Presidents' ordering military action without Congress' approval has become routine. Here's why.
WASHINGTON — President Donald Trump's decision to order strikes in Iran — among the most consequential he has made as commander in chief — is the latest example of a U.S. president's taking military action without first seeking congressional approval. And experts say that, while his power over American armed forces isn't absolute, there's most likely little lawmakers will do.
Trump is supposed to submit to Congress a legal justification for having bombed Iran's nuclear facilities within 48 hours after the operation began. Unlike tangible consequences Trump has faced for other moves in which he tested the bounds of executive power — such as court rulings against him — any price he might pay for this decision would largely play out in the American political arena and on the world stage, where the U.S. reputation is on the line.
'Presidents over the last 25 years have certainly been stretching the envelope of presidential authority to use force,' John Bellinger, adjunct senior fellow for international and national security law at the Council on Foreign Relations, told NBC News. 'Using force more and more, deploying the military more and more, without congressional authority — and Congress, with a few persistent objectors, has simply acquiesced in that.'
The limits on presidential power to use military force are set out in sections of the U.S. Constitution, the War Powers Resolution of 1973 and the United Nations Charter.
Article 1 of the Constitution makes it clear: Congress — and no other part of the federal government — has the power to declare war. But that's something Congress hasn't formally done in more than 80 years, since World War II.
While Congress has approved what are called Authorizations of Military Force and appropriated funds to assist in ongoing conflicts, its ability to control when the nation is at war has been diminished, in part by its own actions, while the power of the office of the president has expanded.
The War Powers Resolution of 1973 is a law designed to provide a check on the president's power to involve the United States in military action without the consent of Congress. It was passed over President Richard Nixon's veto in the wake of the Vietnam War, which Congress never actually declared as a war, though it did authorize force in the Gulf of Tonkin Resolution.
According to the War Powers Resolution, 'in any case in which United States Armed Forces are introduced' when war hasn't been declared, the president has 48 hours to notify, in writing, the speaker of the House and the Senate president pro tempore. The act requires that the notification include why the president took the action, the authority under which it was taken and 'the estimated scope and duration of the hostilities or involvement.' And the resolution also says any time a president uses the armed forces without notifying Congress beforehand, that use must be terminated within 60 days.
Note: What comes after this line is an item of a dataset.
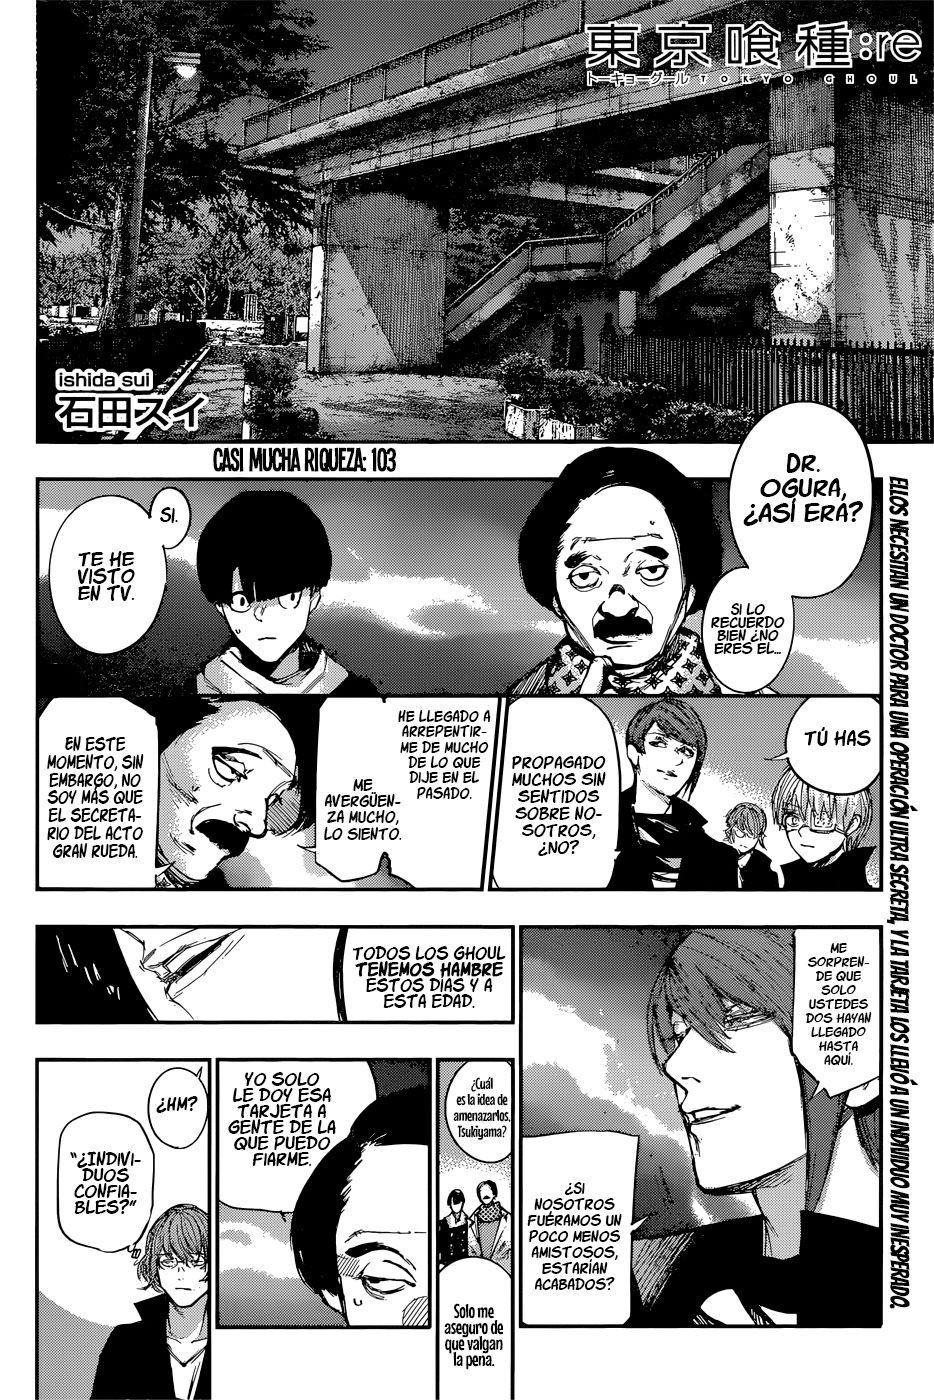 http://c5.ninemanga.com/es_manga/pic2/59/59/523533/252a3893179658de41f437d975468205.jpg Page 3

Bellinger said any notification to Congress that Trump sends, which Bellinger told NBC News the Justice Department is likely to prepare, will probably rely on the authority granted to the president in Article II of the Constitution, which makes the president the commander in chief. President Joe Biden cited Article II in 2021 after he ordered strikes in Iraq and Syria that he said were targeting an 'Iranian-backed militia group responsible for recent attacks on U.S. personnel in Iraq.'
Presidents testing limits
Though Congress acted after the U.S. withdrew from Vietnam to restrain presidents in their use of military force, recent decades have seen presidents push against those restraints.
On March 23, 1999, the Senate approved NATO airstrikes against what was then Yugoslavia to force a Serbian withdrawal from the province of Kosovo. But when the strikes began 24 hours later, the House had yet to approve the resolution, and a month later, in a tie vote, it rejected the Senate resolution amid increased concerns of greater U.S. military involvement in the area.
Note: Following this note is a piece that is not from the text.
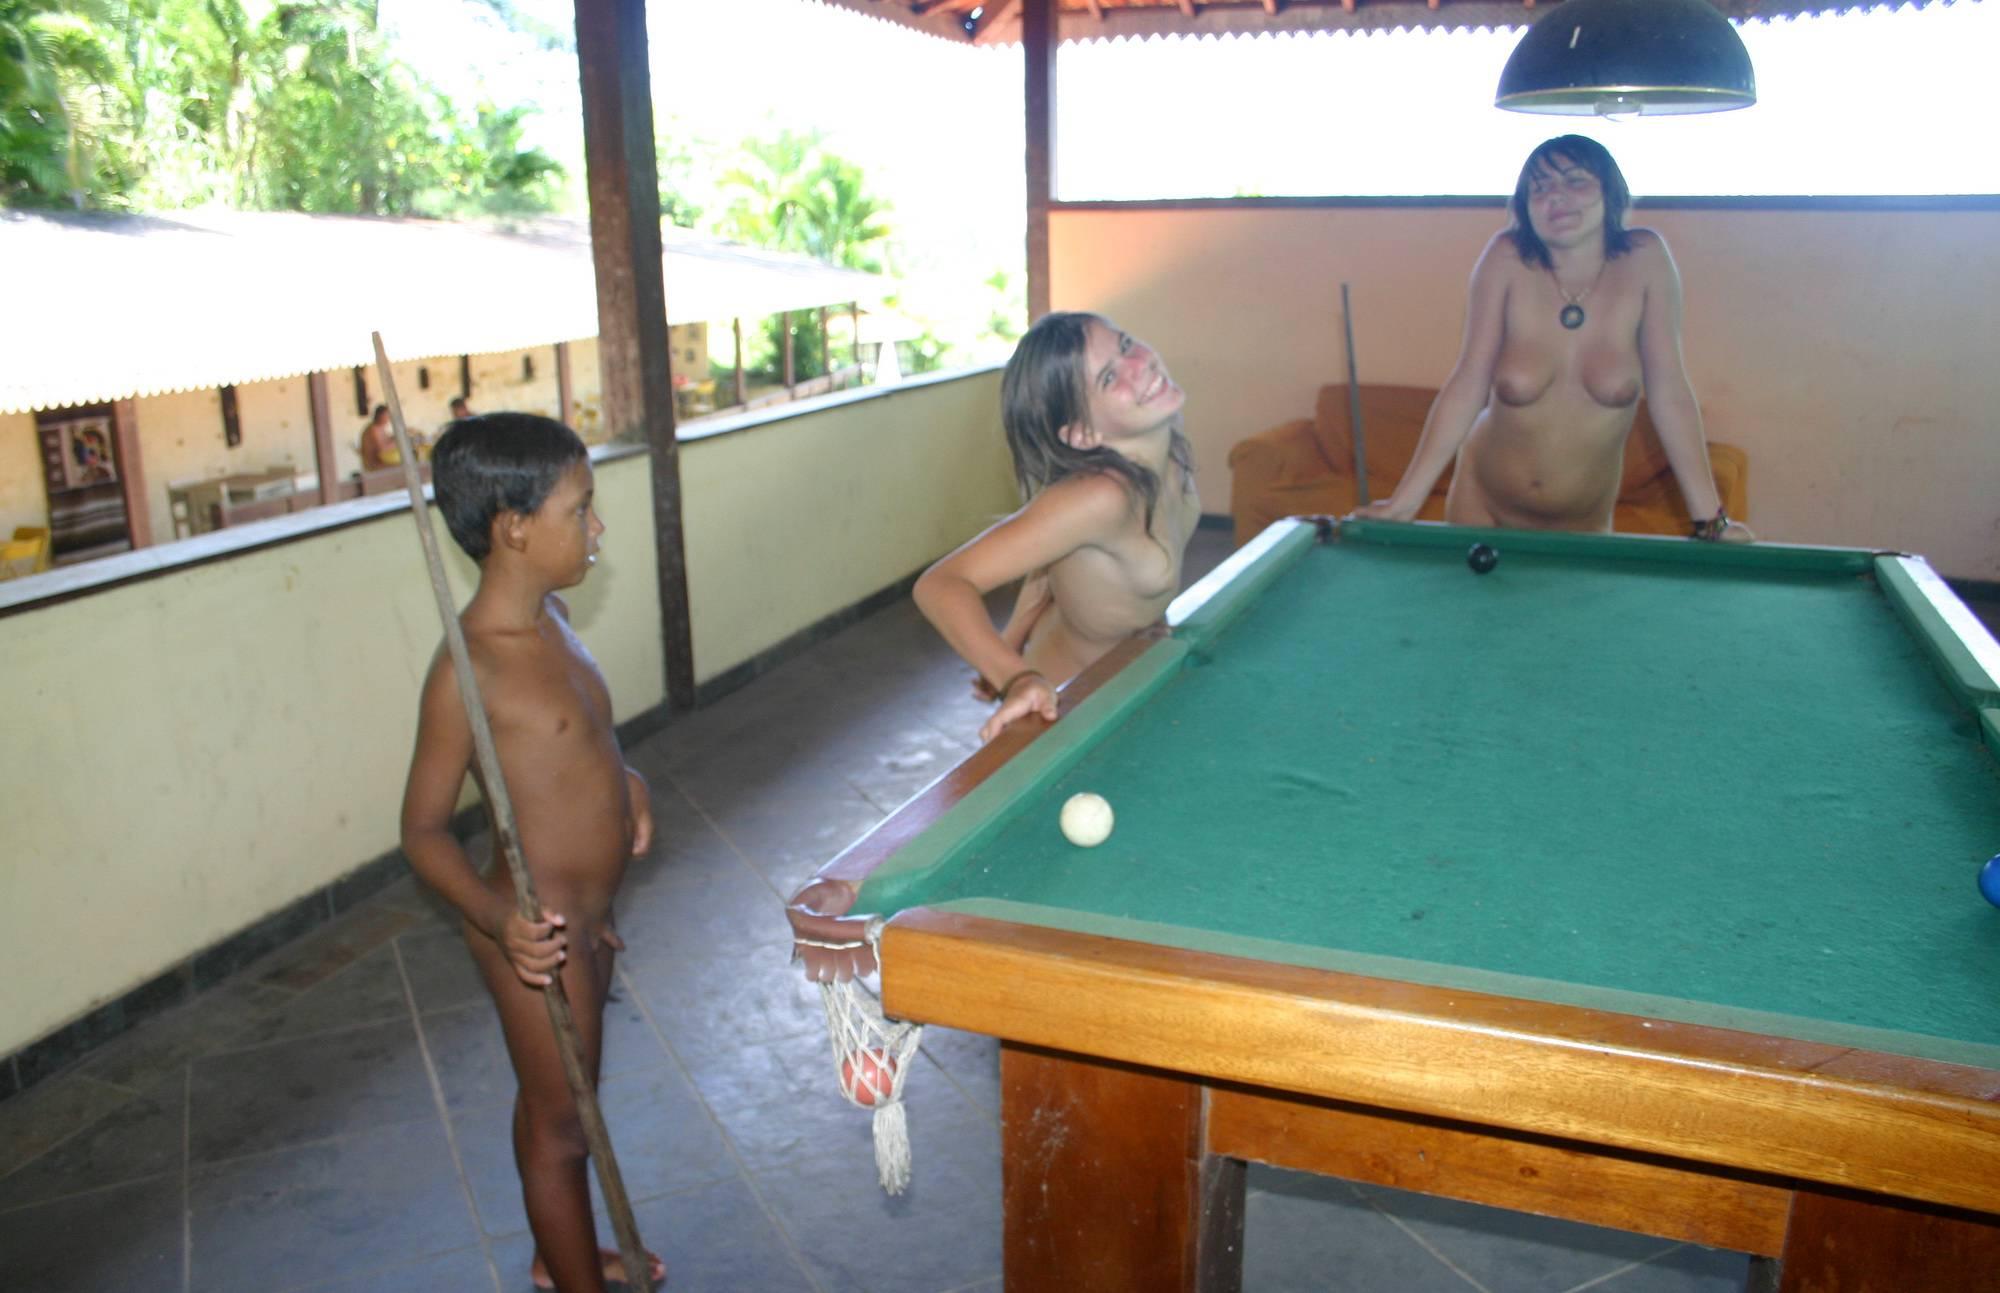 Brazilian Pool and Games - 2

In March 2011, a coalition of NATO forces, which included the United States, began a military campaign to intervene in the Libyan civil war to protect civilians. While President Barack Obama ordered it, he didn't seek advance approval from Congress. By June, the House had passed a resolution calling for a withdrawal of U.S. troops from the region and demanded that the Obama administration explain why it didn't ask Congress for permission first.
In April 2017, during Trump's first term, he didn't seek congressional authorization before he ordered a missile strike in Syria in response to the Syrian government's use of chemical weapons. 'It is in this vital national security interest of the United States to prevent and deter the spread and use of deadly chemical weapons,' he said in televised remarks after the strikes.
Bellinger, who helped draft Authorizations for Military Force under President George W. Bush, said it isn't always that way. On Jan. 12, 1991, the Senate voted in favor of a resolution authorizing the use of military force against Iraq in response to Iraq's invasion of Kuwait, after President George H.W. Bush asked it to do so. In September 2001 and again in October 2002, President George W. Bush asked Congress to authorize the use of armed force, first in response to the Sept. 11 attacks and then to target Saddam Hussein and his Iraqi government.
'To strike a country like Iran, I think this does go far beyond what other presidents have done,' Bellinger said.
Congress, however, may not have the appetite to fight Trump over it.
'Given that a lot of people in Congress tend not to want to buck the president or obviously some of them agree with his actions anyway,' Curtis Bradley, a professor at University of Chicago Law School, said in an interview, 'it seems unlikely at the moment that Congress would, you know, use its statutory powers to try to end or restrict the conflict.'
U.S. courts are also unlikely to get involved. The judicial branch has limited authority over a president when it comes to his decisions about military action and the use of force.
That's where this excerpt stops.